The assumption is that you have a vanilla  Ubuntu64 16.04.03 LTS installed.


In some cases you will need to install curl

$ sudo apt-get install curl linux-generic

Update 17Jan2018
Note: That might be relevant only to FirePro W8100 users
It seems like old drivers previous to AMDGPU-PRO 17.50.511655 are not able to compile DKMS module for kernels installed by default on Ubuntu 16.04.3 TLS ( 4.13.0-26-generic )

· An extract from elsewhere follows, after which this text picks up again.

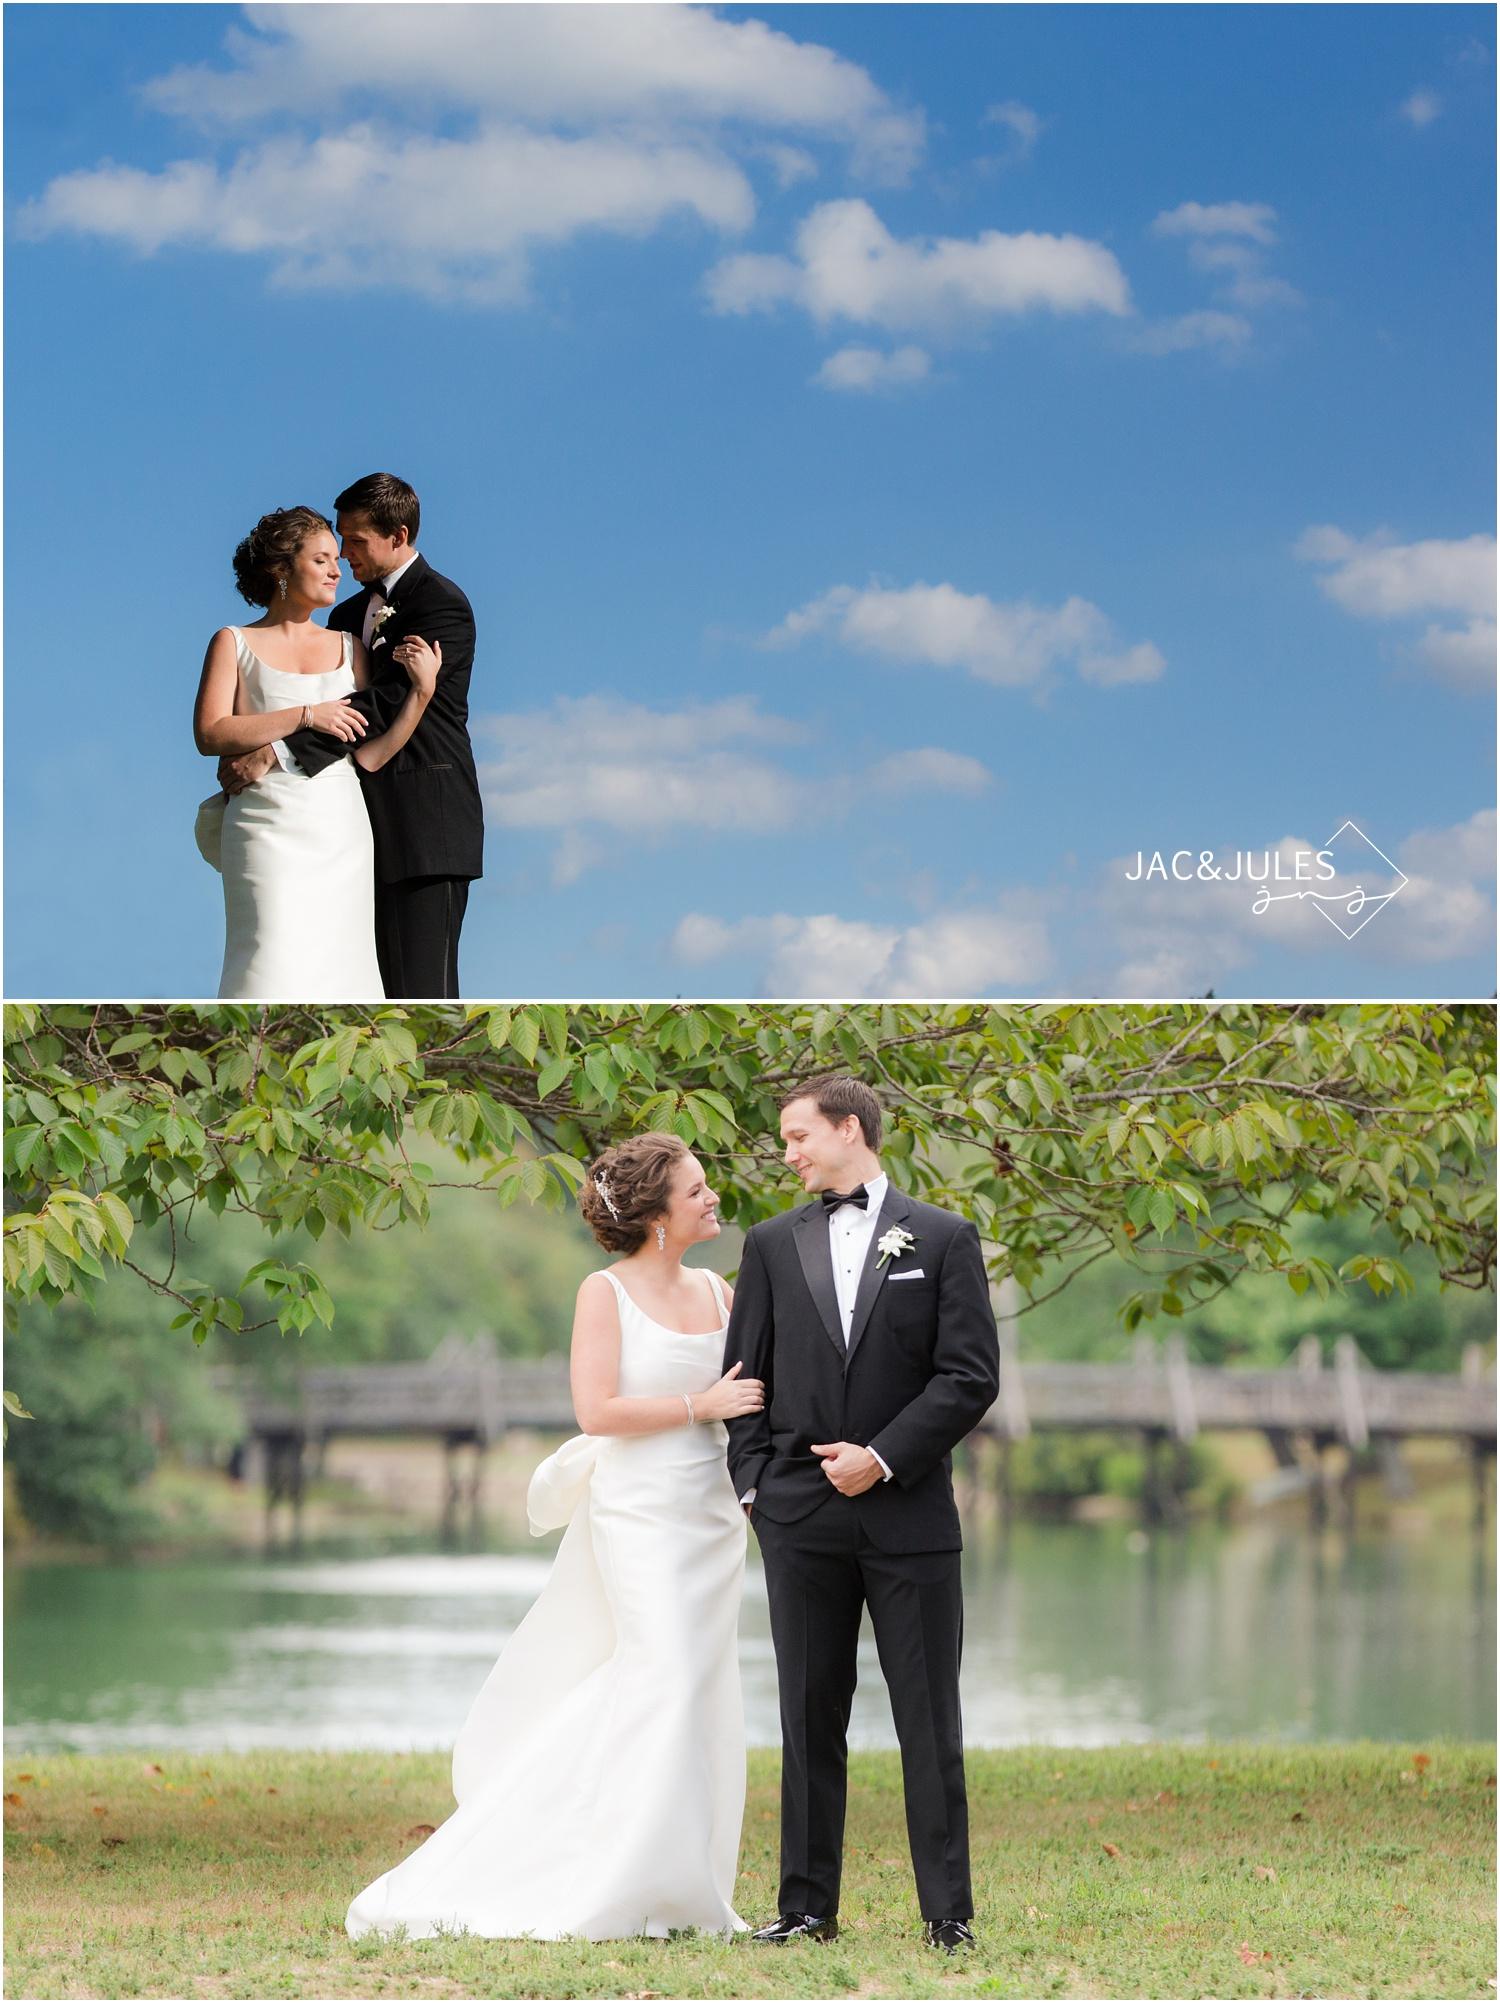 bridal party portraits at divine park in spring lake, nj.

In order to work this around kernel needs to be downgraded to 4.10.0-28-generic

$ sudo apt-get remove linux-image-4.13.0-26-generic linux-headers-4.13.0-26

Java & Bazel

$ sudo apt-get install openjdk-8-jdk
$ echo "deb [arch=amd64] http://storage.googleapis.com/bazel-apt stable jdk1.8" | sudo tee /etc/apt/sources.list.d/bazel.list
$ curl https://bazel.build/bazel-release.pub.gpg | sudo apt-key add -
$ sudo apt-get update && sudo apt-get install bazel
$ sudo apt-get upgrade bazel


Note: In order to install only OpenCL parts of AMDGPU-PRO driver pass: –compute to  ./amdgpu-pro-install

$ sudo apt-get install ocl-icd-opencl-dev opencl-headers
$ wget --referer=http://support.amd.com https://www2.ati.com/drivers/linux/ubuntu/amdgpu-pro-17.30-465504.tar.xz
$ tar -xvf amdgpu-pro-17.30-465504.tar.xz
$ cd amdgpu-pro-17.30-465504
$ sudo ./amdgpu-pro-install #or sudo ./amdgpu-pro-install --compute
$ tar -xvzf Ubuntu-16.04-64bit.tar.gz
$ sudo mkdir /usr/local/computecpp
$ cd Ubuntu-16.04-64bit && cp * /usr/local/computecpp 
$ sudo reboot

Update: 13Jan2018
In some cases (eg. update of the ubuntu16.04) you might need to use latest AMDGPU-PRO (17.50.511655)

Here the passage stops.